The function versions return the number of lines extracted from the DBMS_OUTPUT buffer. The other parameters are used as follows:

Replacing Output

The replace procedure takes no parameters:

PROCEDURE replace;   

It simply puts the saved text back into the DBMS_OUTPUT buffer. Note that the buffer is emptied at this point.

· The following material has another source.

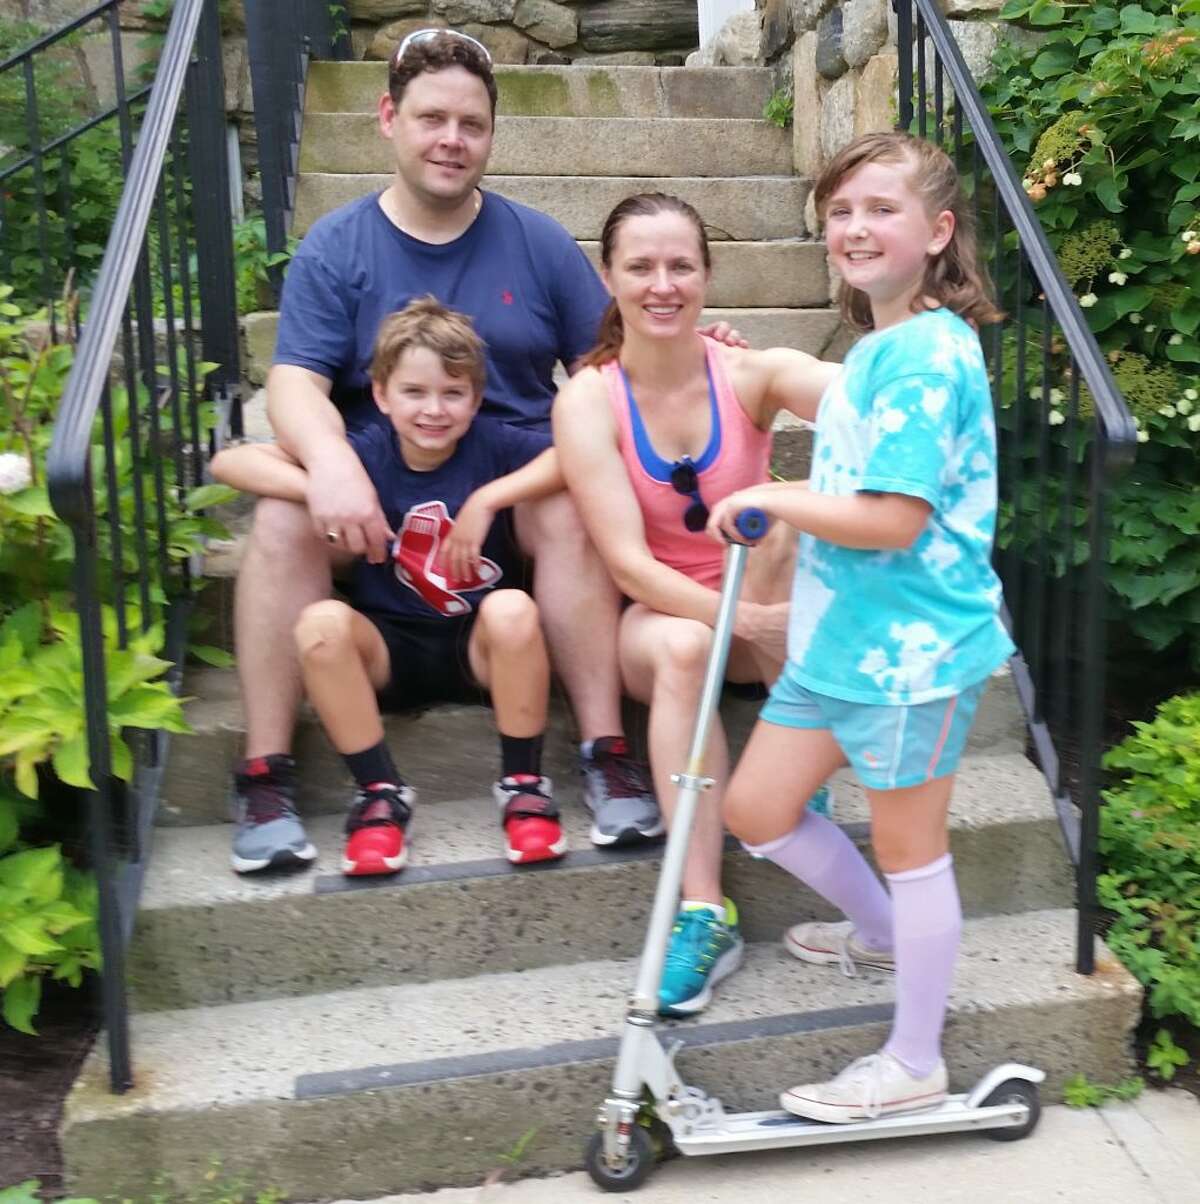 Leaders of Nutmeg Festival 2018, Nick and Claire Simard, with their son, Gabriel, and daughter, Amelie, who tested some of the toys for sale, including a Razor scooter.

Checking Output Line-by-Line

The nextLine function makes it easy to check output line-by-line as it simply extracts and returns the next line of output:

FUNCTION nextLine(
  raise_exc_in BOOLEAN := TRUE, 
  save_in BOOLEAN := saving
) RETURN VARCHAR2;   

The raise_exc_in flag determines if the function should throw the exception utOutput.EMPTY_OUTPUT_BUFFER when asked for the next line from an empty buffer. If no exception is thrown, NULL is returned. As with extract, the save_in flag simply overrides the global save flag setting.

Size of Output

This function simply counts the number of lines present in the output buffer:

FUNCTION count RETURN INTEGER;   

Note that the output itself is left untouched.